One for the Money
Page 25
He touches me everywhere. His hands come up to the sides of my neck. They delve back beneath my dress. They skim down my hemline. He groans when he reaches my breasts. He’s as wild as those fighters in this moment. And it surprises me, exhilarates me. I feel just as much adrenaline now as I did when I realized Wagner was going to win. Finn is fighting now but I don’t know whether he’s fighting for me or fighting to hold himself back.
His hands go beneath my skirt, and I wonder if he’ll do it. If he’ll take me down to the dock and fuck me here in public in front of anyone who might walk by. It should embarrass me, it should make me recoil, it should make me push him away, insist that he stop, but I don’t. I don’t even think I would stop him if he took it that far. I think it might happen. That’s how drunk I feel on him, how lost I feel on him.
That would be an escape. No one could deny it. Public sex. What has this come from? What has this come to? I want everything.
“Maybe we could go…” I say, breathless. It turns into a moan when he finds my nipple. When he pinches it between two fingers. My head falls back in wordless pleasure.
I meant to say, Go back to my place. Get a hotel room, any private space. Because I want everything from him. I want everything with him, and we won’t have time in public.
That seems to be a recurring theme with Finn.
Why is he running out of time?
His phone rings. I feel it before he notices. It’s buzzing in his pocket. For a minute, he’s still kissing me, his tongue hot on mine, his hands locked around the back of my neck. I’m grinding shamelessly against him when I feel that mechanical vibration.
“Finn,” I gasp.
His whole body goes stiff. “Fuck,” he mutters and reaches for his phone.
“Hughes,” he says, his hand still on my neck.
A woman’s voice comes over the line. I can’t make out the words, but it sounds urgent. And I can see the tension cross his face. The excitement from the fight, the arousal from kissing me, goes out of his face. “I’ll be right there,” he says, and then he shoves it back into his pocket.
He tugs my dress back into place, his expression distracted.
“What’s wrong?” I ask.
“Nothing,” he says, but it’s a blatant lie. We’re back to pretending. “I have to get home.”
“Can I help?”
He doesn’t seem to hear the question as he tugs me back along the water’s edge toward the warehouse. He still helps me over the loose gravel. He’s solicitous but efficient, and I sense the urgency in his actions. It makes a shiver run down my spine.

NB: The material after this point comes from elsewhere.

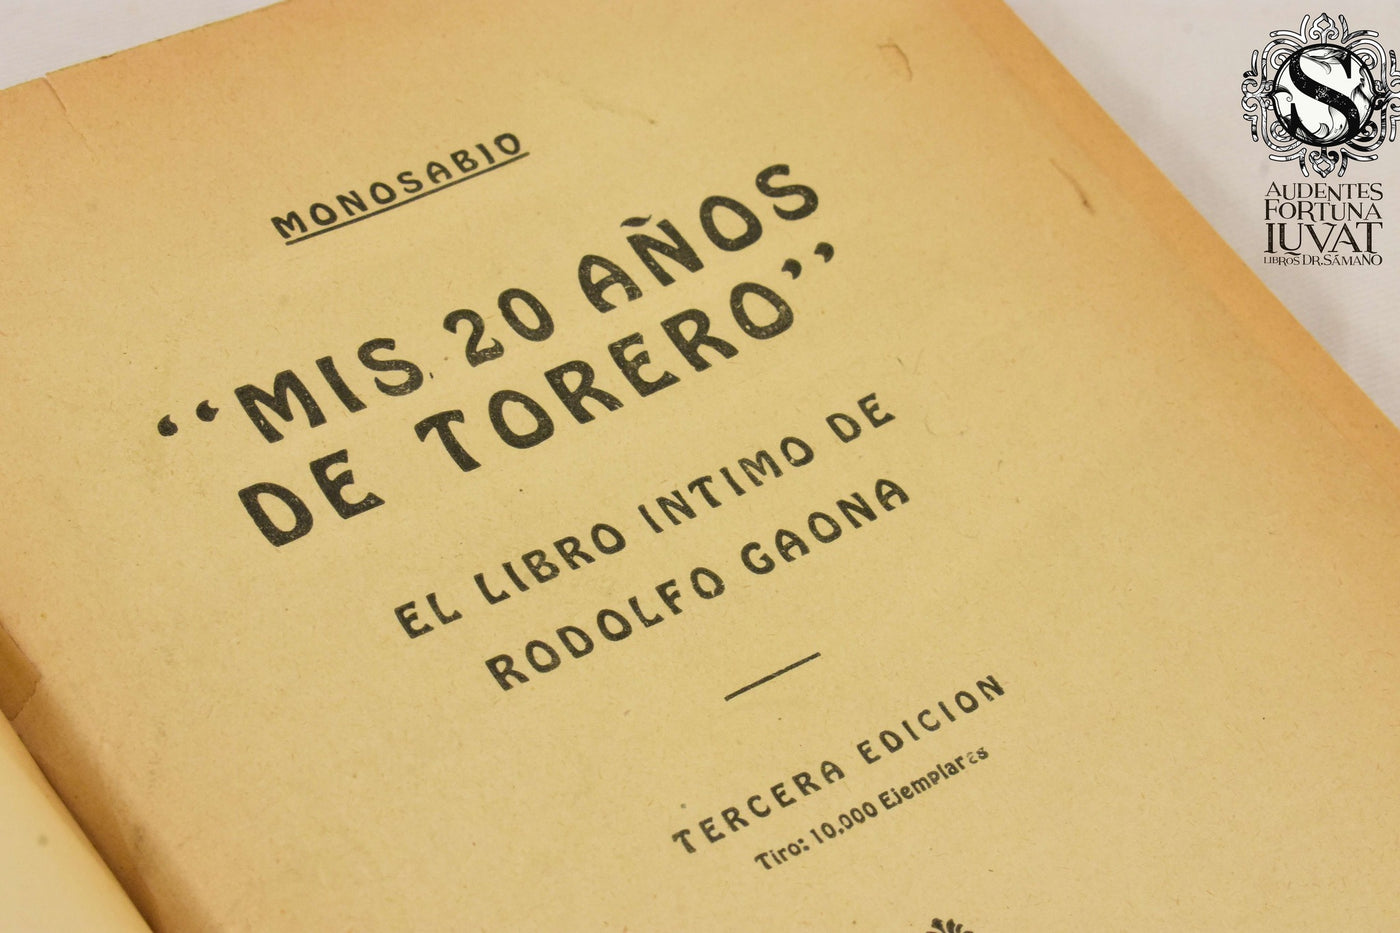 MIS 20 AÑOS DE TORERO - Carlos Quirós ("Monosabio")

“Finn. What happened?” I ask when we’re inside the car.
He looks at me as if he’s remembering I’m here for the first time. “I’ll get a cab for you,” he says. Then he seems to realize that we’re at this warehouse in a seedy part of town. “A limo. Fuck,” he says again. “I’ll take you back to my place. Then I’ll send you home with our driver.”
“Okay,” I say, because I don’t want him to worry about me.
Once he has a plan, he’s all motion again. He’s getting us into the car, pulling us out of the spot, steering us to the city at the very edge of the speed limit.
He runs a yellow light, then nearly misses a red.
Something’s wrong. I can tell that from the set of his jaw, from the worried frantic look in his eyes. He shouldn’t have to plan one more thing right now. Not a car, not sending me home. If something has happened with his dad, I can help. I can at least be there with him. Sometimes that’s all you can do for another person.
“I’m going in the house with you,” I say, taking over.
It’s what I’ve always done. If something’s wrong, I help fix it. Like Finn said, I do it morning and night for my family. Which means I can help him now.
Finn gives me a bemused look. “No, you’re not.”
He’s not sure of me. And why would he be? Our relationship is fake. I don’t know anything about him other than his good family name. Other than he’s fun at parties. Other than my mother likes him. “Let me help,” I say, gently.
He shakes his head, but it’s not really a refusal.
I recognize the look because I’ve seen it in my brother Leo. In my other brothers. Even my father. It’s the look of a man stretched beyond his capability. Rare but made even more acute by how infrequently it happens.
No one can help. That’s what the little shake of his head means.